Limitations & Future Work

  1. Uncertain performance in the wild: Due to the distribution of existing datasets (predominantly studio settings), performance may degrade under extreme lighting or heavy occlusion.
  2. No layered try-on support: The framework cannot handle garment layering (e.g., a jacket over an inner shirt).
  3. No text-editable try-on: Garment attributes cannot be modified via textual descriptions (e.g., "change to red").
  4. Self-synthesized data quality: Despite DreamSim + Qwen2.5-VL filtering, distributional bias in synthesized data may limit generalization.
  5. High computational cost: The combination of MLLM (Qwen2-VL-2B) and DiT (SD3.5-Medium) may incur substantial inference overhead.

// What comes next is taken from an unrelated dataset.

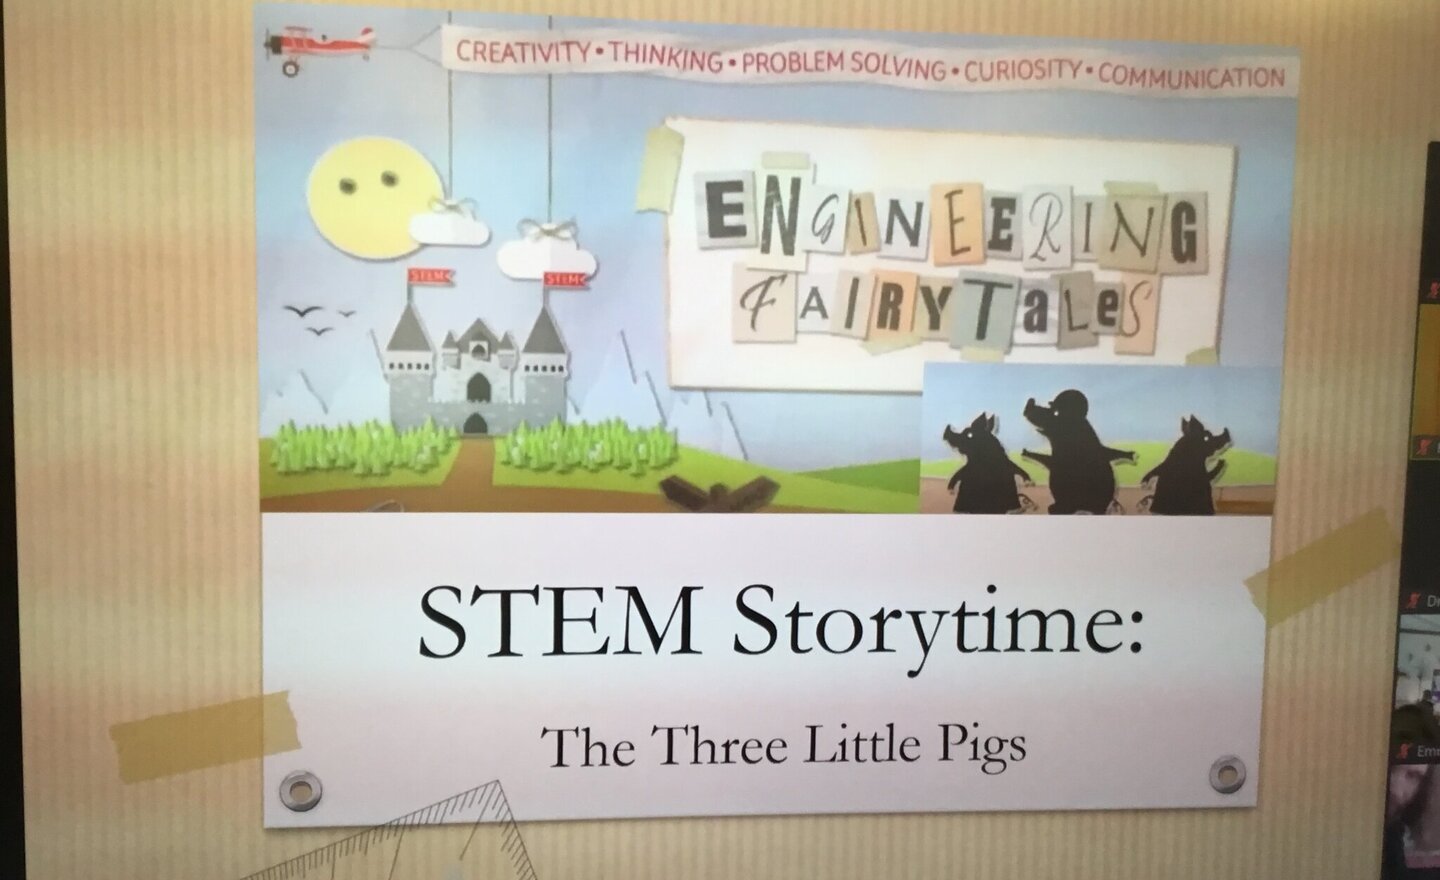 Image of STEM Story Time in Y5

  • CatVTON / FitDiT: DiT-based single-task VTON methods; UniFit extends these to multi-task settings.
  • Any2AnyTryon: The closest prior work to universal VTON, but lacking multi-garment and model-to-model support, with weaker text instruction following.
  • DreamO: Source of inspiration for the spatial attention focusing loss.

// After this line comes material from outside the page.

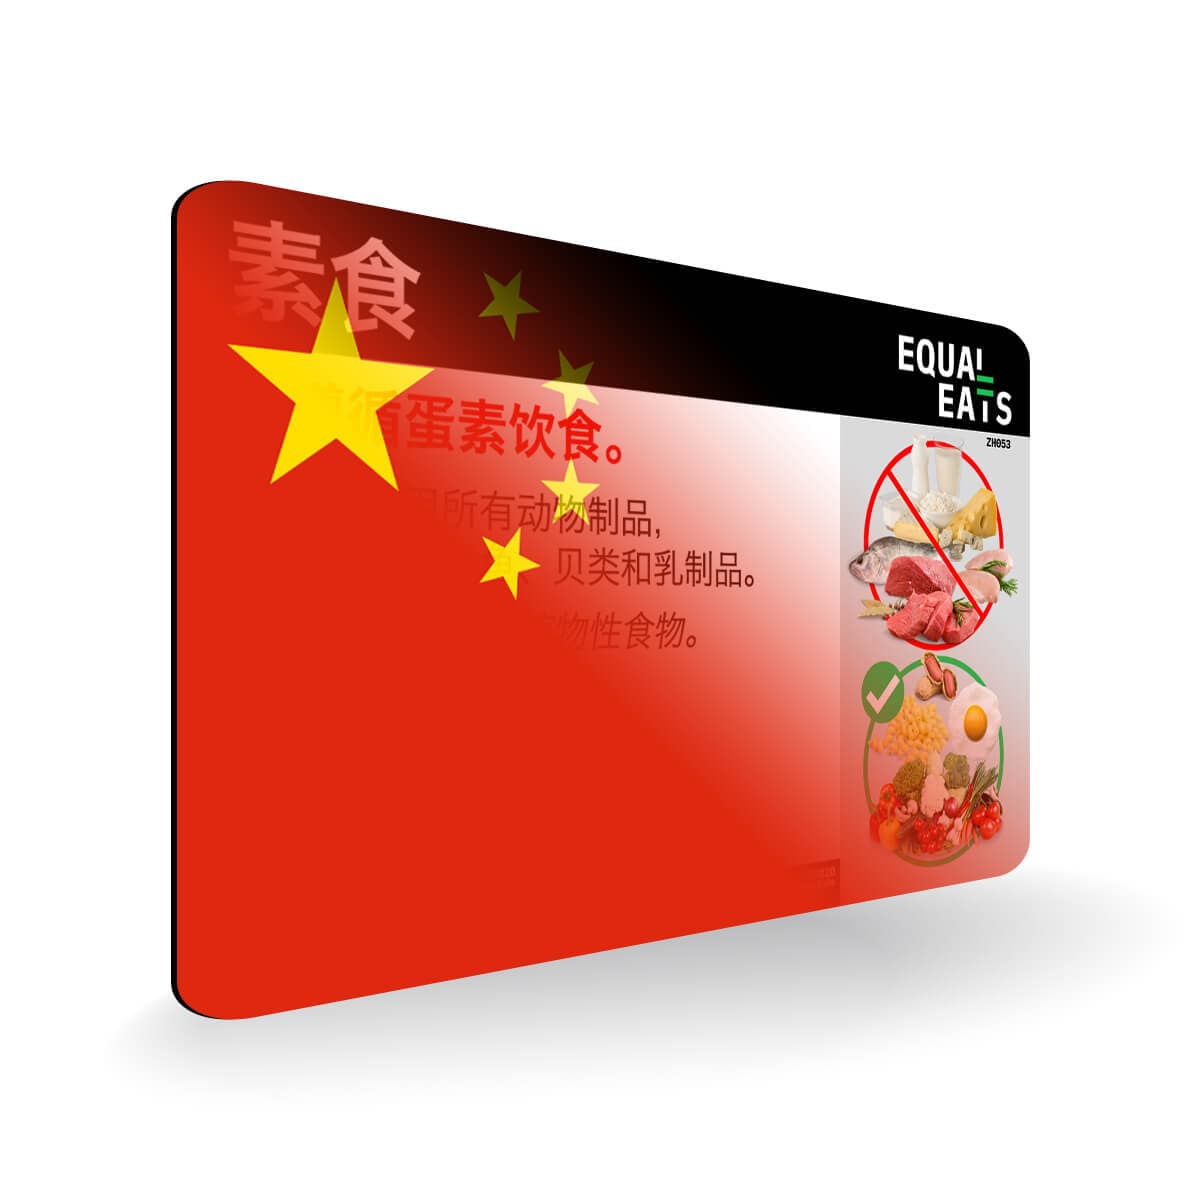 Ovo Vegetarian in Simplified Chinese. Card for Vegetarian in China

  • Qwen2-VL: The MLLM backbone adopted by UniFit, providing multimodal understanding capabilities.
  • Insight: MLLMs can serve not only for understanding and generation, but also as "semantic bridges" connecting different modalities to guide generative models.

Rating

  • Novelty: ⭐⭐⭐⭐ (The integration of MLLM with VTON is novel; the self-synthesis training is also highly creative.)
  • Experimental Thoroughness: ⭐⭐⭐⭐⭐ (Comprehensive evaluation across 6 tasks, multiple datasets, and complete ablations.)
  • Writing Quality: ⭐⭐⭐⭐ (Clear structure, rich illustrations, well-defined problem formulation.)
  • Value: ⭐⭐⭐⭐⭐ (The first universal framework supporting 6 VTON tasks, with extremely high practical utility.)